As Singapore turns 60, the nation is using design not just to look back at its remarkable journey but also to imagine the road ahead. Singapore Design Week (SDW) 2025 returns this September with the theme “Nation by Design”, a festival that celebrates how design has shaped the country while asking bold questions about its future.

From urgent conversations on climate change and technology, to speculative visions of tomorrow’s cities, to edible explorations of food security, this year’s line-up highlights design’s role in tackling some of the world’s most complex challenges.

At the heart of SDW is the Design Futures Forum (17 September, Victoria Theatre), an annual gathering of leading voices in design, architecture, technology, and social innovation. Now in its third edition, the forum takes on the theme “Braving Complexities”, reflecting the messy, interconnected issues that designers increasingly have to navigate.

Curated by Aric Chen (Director, Zaha Hadid Foundation) and Ong Ker-Shing (Co-founder, Lekker Architects), the programme will dig into topics such as sustainable design, climate resilience, healthcare innovation, and the ethics of emerging technologies.

Clockwise from top left: Ong Ker-Shing, Co-founder, Lekker Architects; Aric Chen, Director, Zaha Hadid Foundation; and Tamsin Greulich-Smith, Director, Design Practice, DesignSingapore Council will lead the discussions with speakers such as Theodoric Chew, Founder and CEO, Intellect; Dr Ayesha Khanna, Co-founder and CEO, Addo AI; and Filmmaker Liam Young. Photos courtesy of respective speakers.

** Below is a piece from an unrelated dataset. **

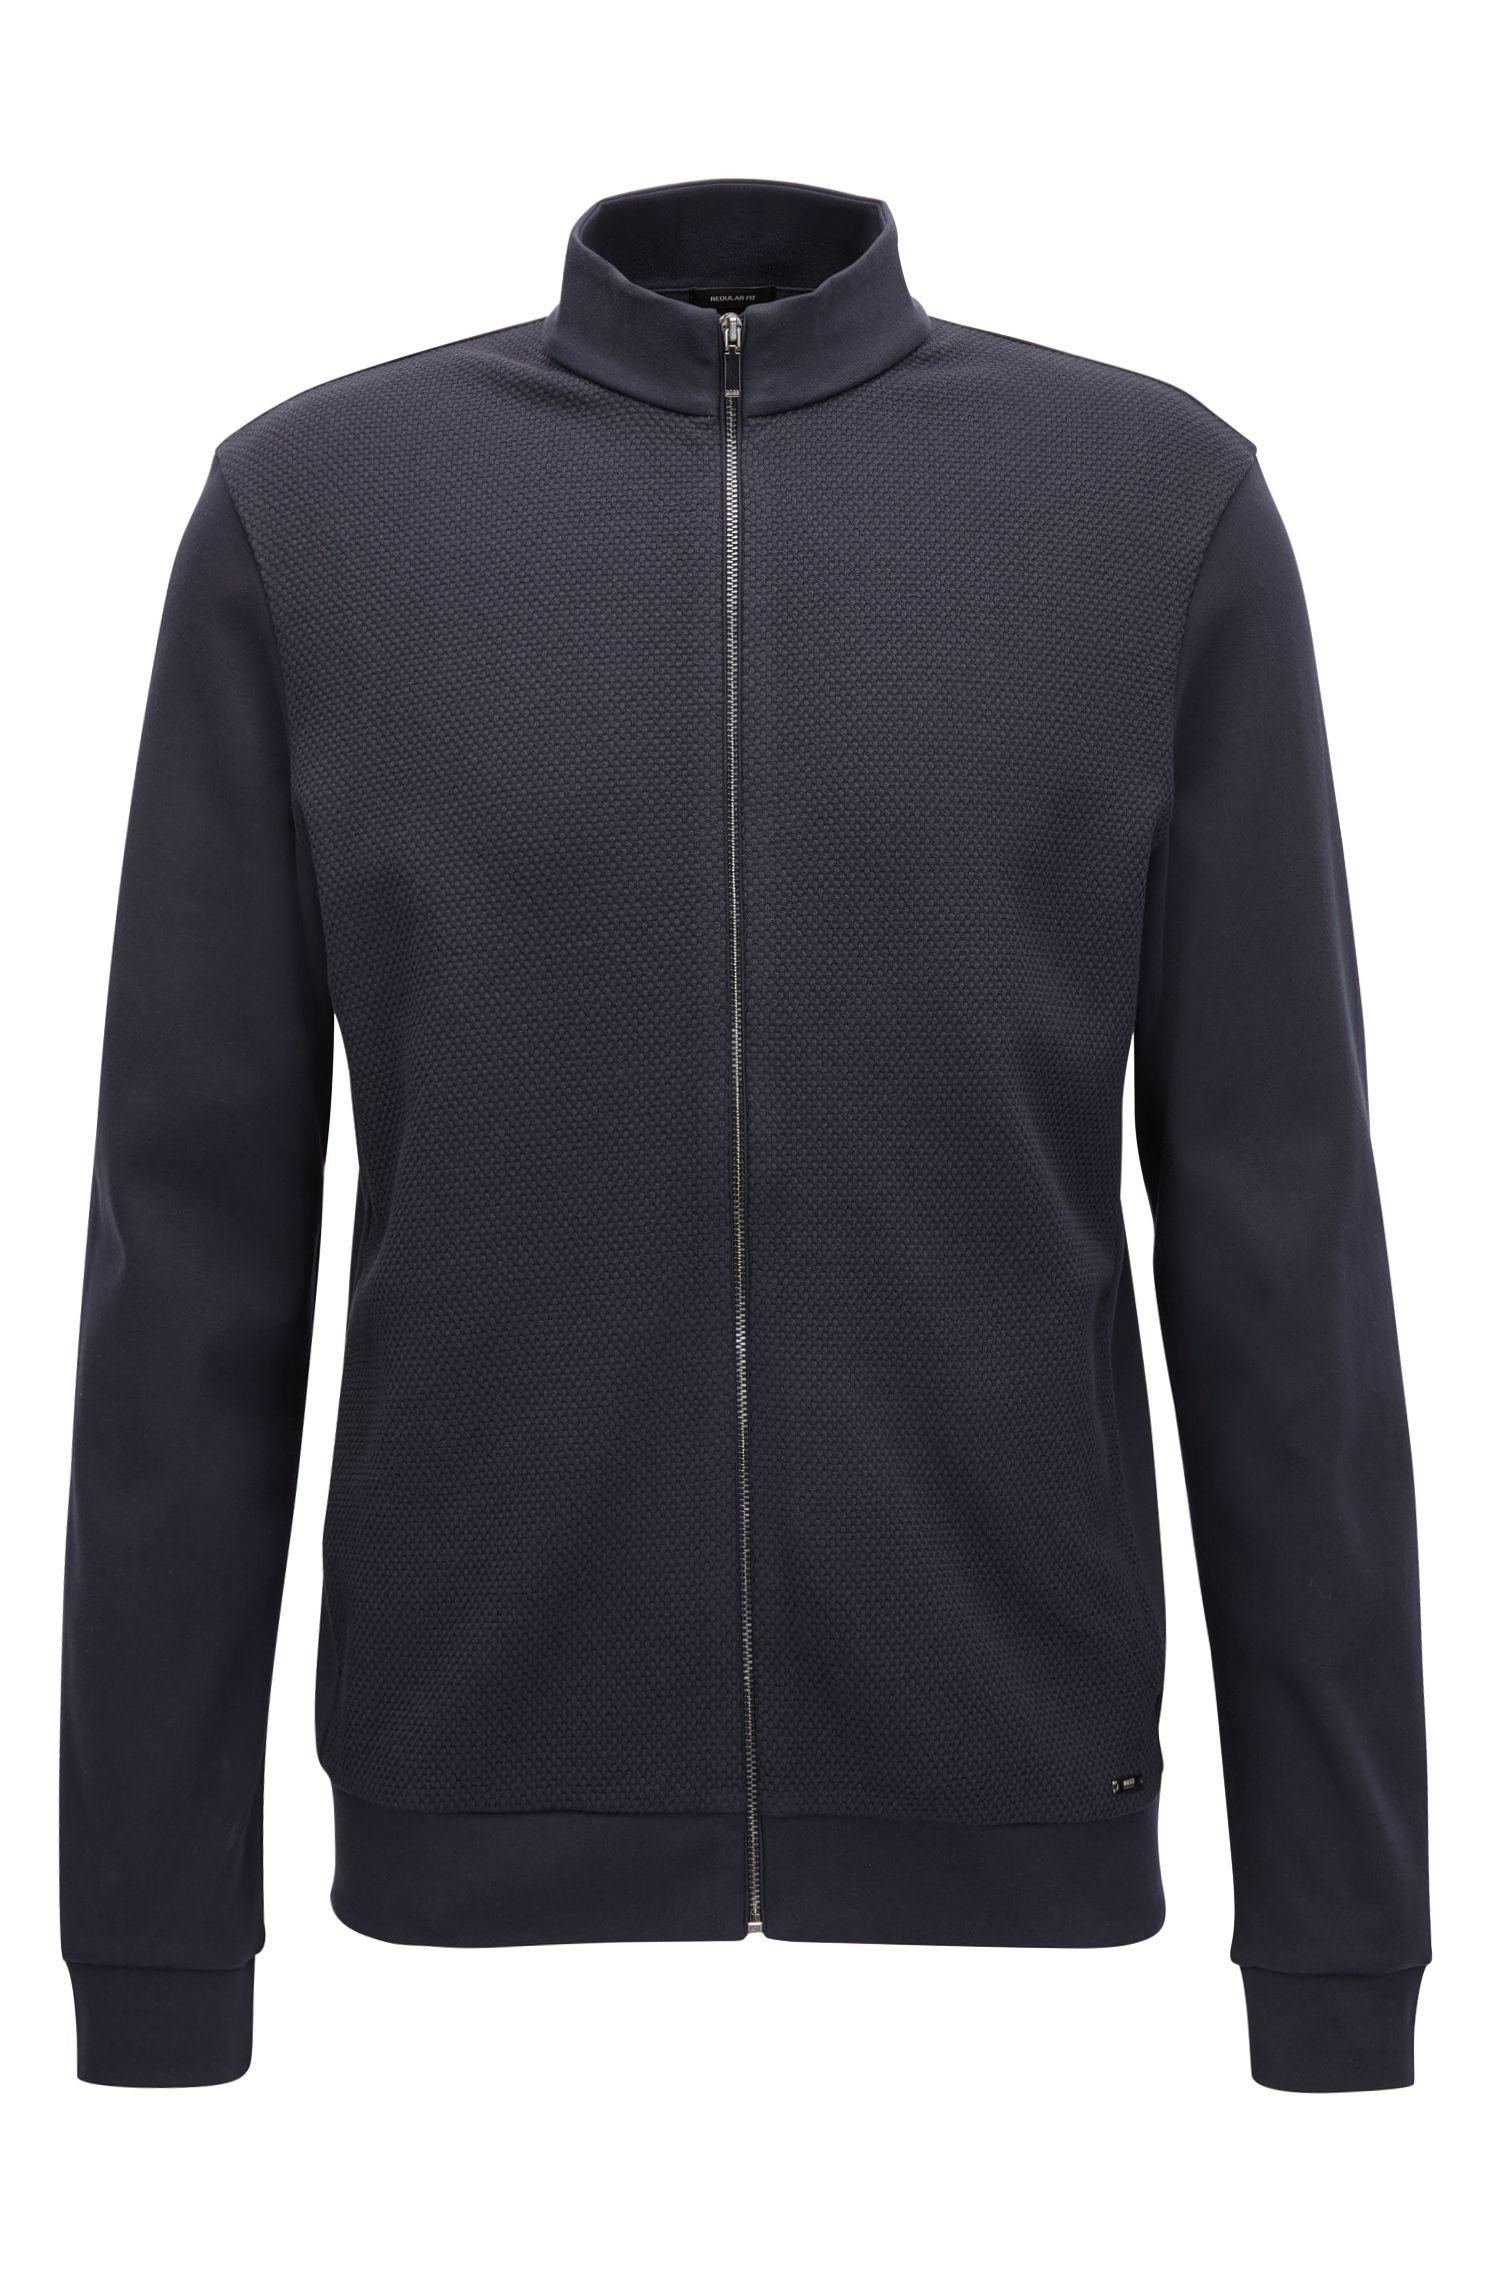 Zip-through sweatshirt in mercerised cotton terry

Speakers include: Liam Young, filmmaker known for speculative works addressing environmental collapse; Theodoric Chew, founder of mental health start-up Intellect; Dr Ayesha Khanna, AI entrepreneur and education advocate; Thomas Thwaites, author of The Toaster Project; Alice Bucknell, artist using video games to imagine post-human futures; and Adi Reza, biotech innovator and Earthshot Prize 2024 finalist.

The forum also promises immersive experiences curated by local agency OuterEdit, where even the food, co-created with agri-tech partners like Singrow and Fogo Fungi, will extend the conversation on sustainability. As Ong notes, “Design thrives in complexity. When we embrace its messiness, designers become vital players in uncovering challenges and shaping innovations for our future.”

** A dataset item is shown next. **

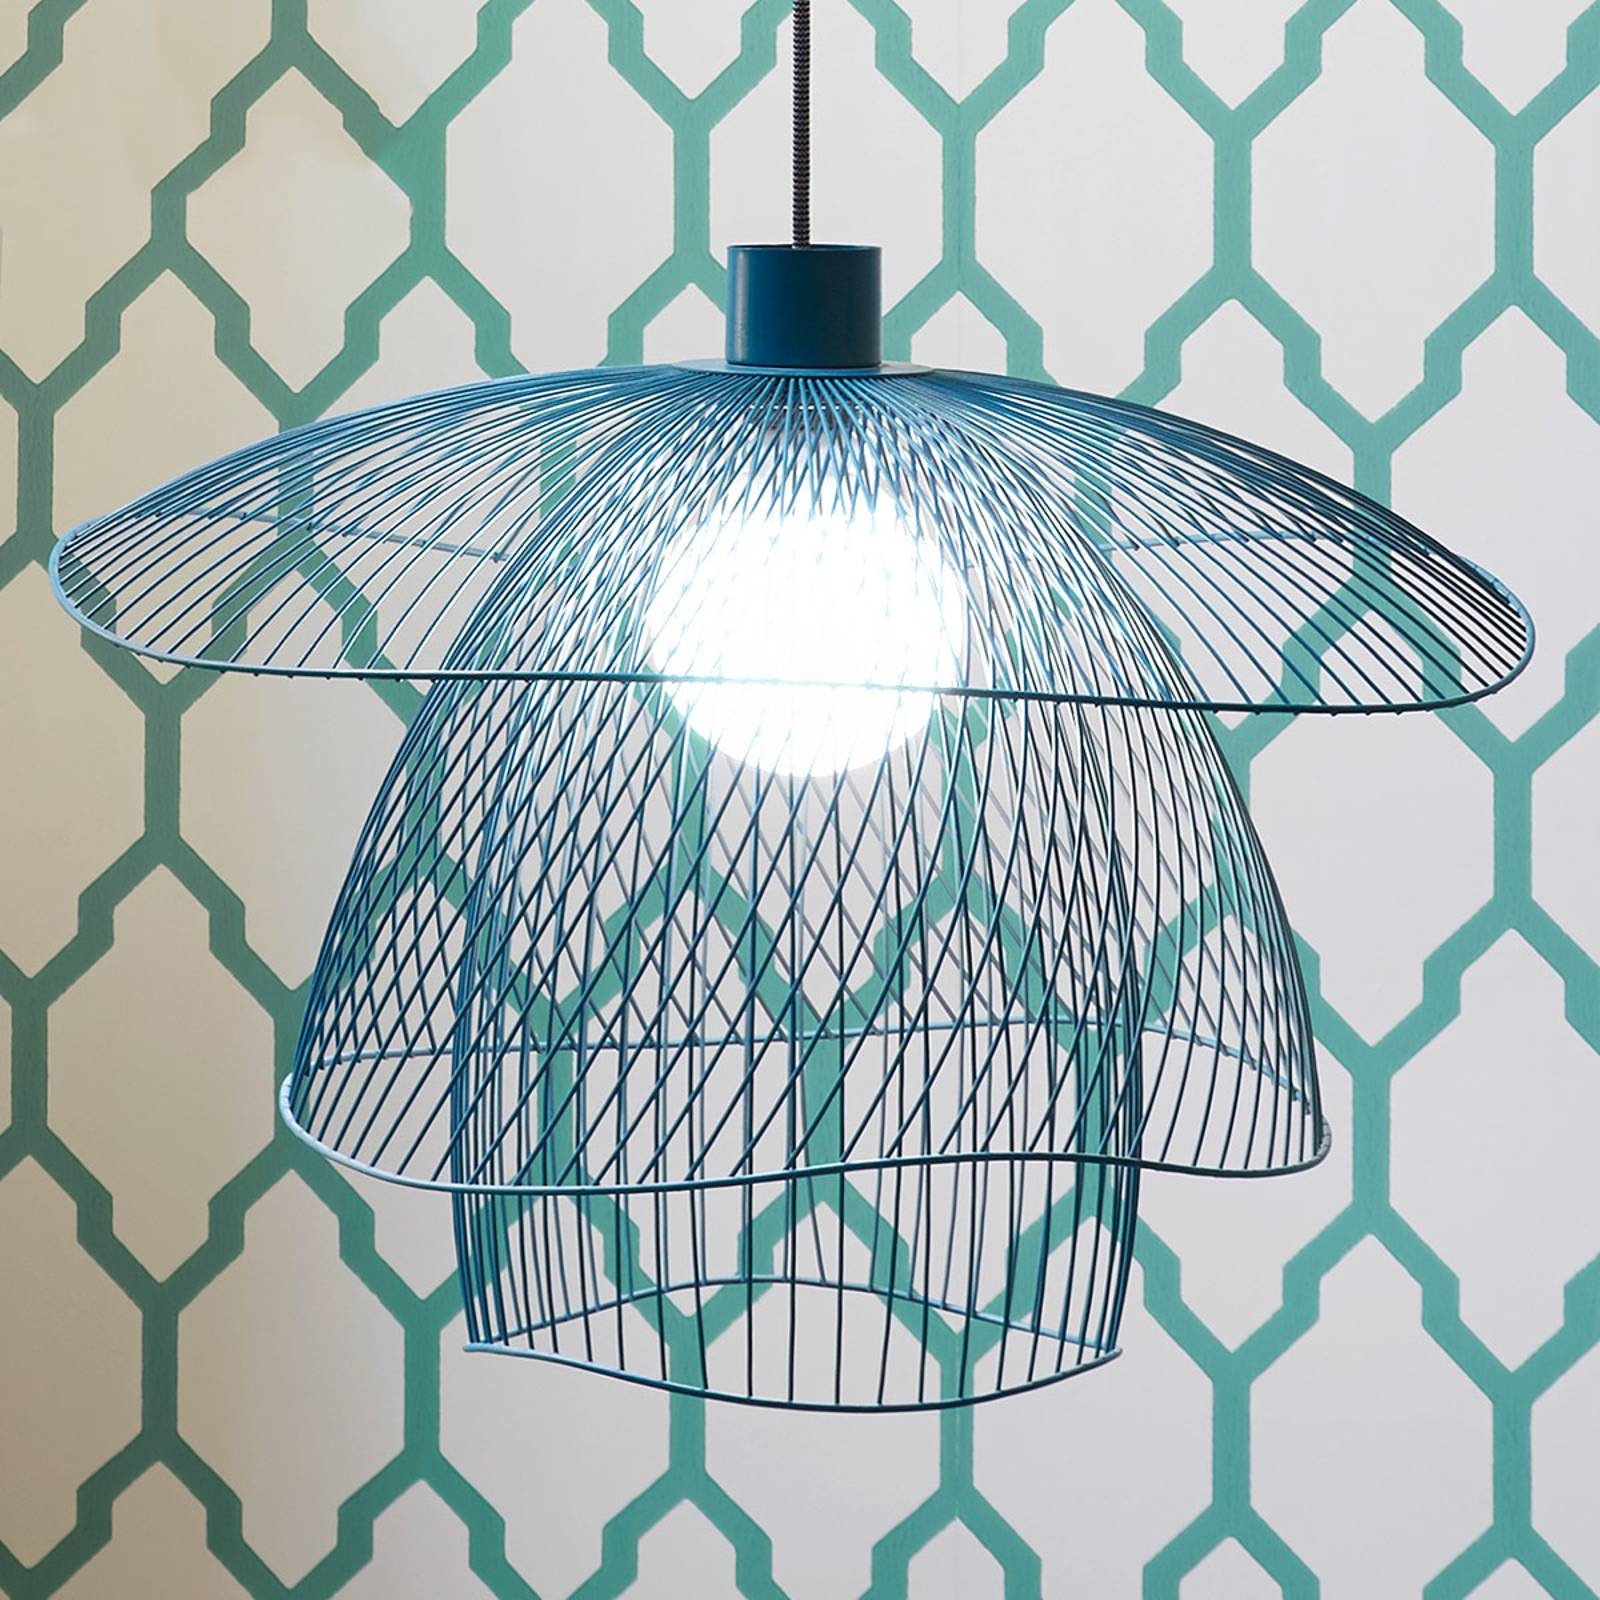 Forestier Papillon S lampa wisząca 56 cm niebieska

On 13 September, ArtScience Museum opens Another World is Possible, a major exhibition co-curated with filmmaker Liam Young. Through seven visually arresting chapters, the show invites visitors to imagine alternative futures that are more equitable, resilient, and sustainable.

The exhibition gathers nearly 100 works from around 40 contributors, spanning architecture, design, cinema, and literature. Highlights include WOHA’s vertical green cities, Finbarr Fallon’s reimagined Singapore Flyer, and new projects from 16 Singapore-based practitioners who are shaping the city’s future landscape. The exhibition runs till February 2026

“As Singapore celebrates SG60, this exhibition offers a timely reminder that other futures are possible,” says Honor Harger, Vice President of ArtScience Museum. “It’s an invitation to look ahead with imagination, resolve, and optimism.”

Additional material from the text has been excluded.